Feb 11 Flashcards
(20 cards)
Do plasmids carry essential genes?
No, often genes for resistance or something, they can be lost/transferred easily
What are the 2 main plasmid uses in lab?
Cloning vectors (store and replicate DNA), and expression vectors (produce RNA and could be the protein product too)
What are 3 plasmid key features needed to use them for expression/cloning?
- origin of replication
- Selectable marker (some way to select bacteria with plasmid like antibiotic resistance
- multiple cloning site, has many unique restriction enzyme sites
What is stringient or relaxed regulation of replication?
Stringent uses host cell’s proteins, relaxed does not
What happens with plasmids with similar ori’s?
They will compete for same replication machinery, so they are incompatible, not grow well together
What controls the plasmid’s copy number?
the Origin of replication (Ori)
What is pos vs neg selection for cells with the plasmid?
Pos is when presence of plasmid allows cell to live EX: antibiotic resistance, or gene required to produce nutrient that is needed for survival.
Neg is when if have plasmid the cell dies.
What is lacZalpha, what is a-complementation?
It is N terminal fragment of lacZ of Bgal. The rest of the AA’s needed for function are laxZM15. They complement eachother to form functional Bgal (alpha-complementation)
What is lactose role in lac operon?
Lactose binds to repressor that would normally prevent lac operon genes transcription, so allows gene transcription now
Bgal is a homo______
tetramer
What is analog of lactose that turns blue when hydrolyzed?
X-gal
How does-Blue white colony screening work?

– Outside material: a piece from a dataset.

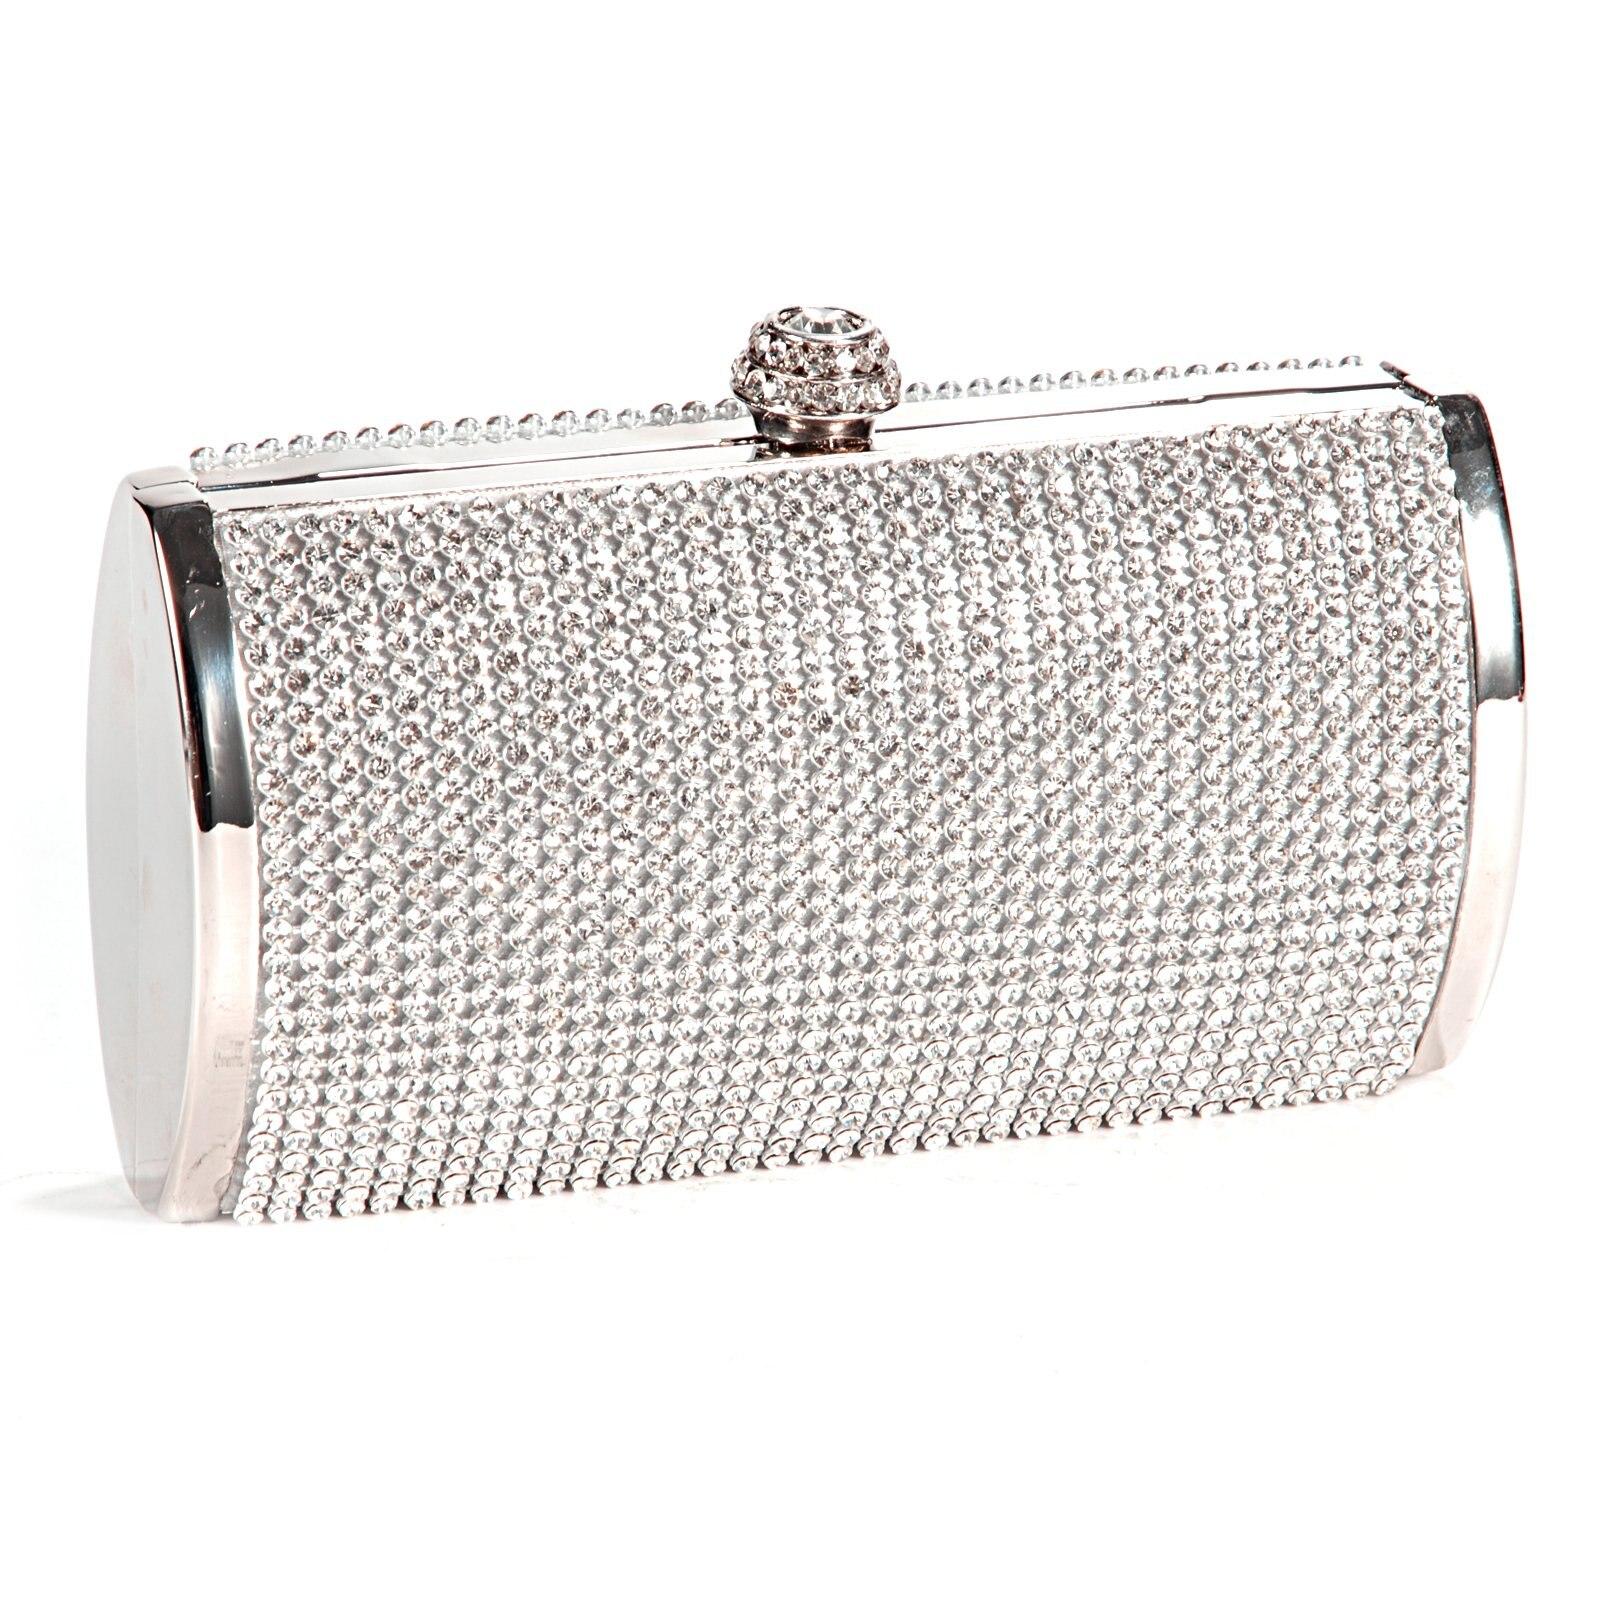 5pcs( ABDB Handbag Pouch Wallet Rigid Metallic Deco Rhinestones for Woman Girl Silvery5pcs( ABDB Handbag Pouch Wallet Rigid Metallic Deco Rhinestones for Woman Girl Silvery

It is when use plasmid with laxZa, and strain with ZM15. Media has IPTG and X-Gal. IPTG is not metabolized, but does bind to lac repressor so operon turned on. X-gal will be turning blue if plasmid allows both parts of BGAL to come together to be functional
What is phage M13?
It is ssDNA phage, can be used for sequencing,
What conditions to lyse bacterial cells?
SDS and alkaline
How extract plasmids?
After SDS and high pH (denature proteins, chromosomal DNA, but plasmids are supercoiled so unaffected.
Then potassium acetate, potassium dodecyl sulfate is not soluble, and so get rid of all junk, left with plasmids, soluble proteins, ribosomes, RNA in supernatant
How use silica column for plasmid extraction?
High salt makes them bind to column, RNA and proteins don’t bind. Then use low salt to elute plasmids
How do following factors affect DNA migration on agarose gel: Agarose conc, voltage, buffer, dye, DNA conformation?
Agarose conc= more conc. allows better separation of small molecules
Voltage = Lower voltage is slower but better separation
Buffer will affect stuff generally
Dyes are pos, will slow down DNA, make it seem bigger than actual. If all ladder is stained too, then overall cancels out as all affected by dye, could also stain after running gel
DNA conformation: Supercoiled is most compact (appears smaller than actual), then linear, then relaxed circular runs larger than actual
Spectro ratios for DNA contamination?
A260/A230, low ratio indicates contaminating reagents
A260/A280, low ratio indicates proteins or phenol present
What is bioanalyzer?
Get peaks on chromatogram of fluorescence on Y axis, size of DNA on X axis.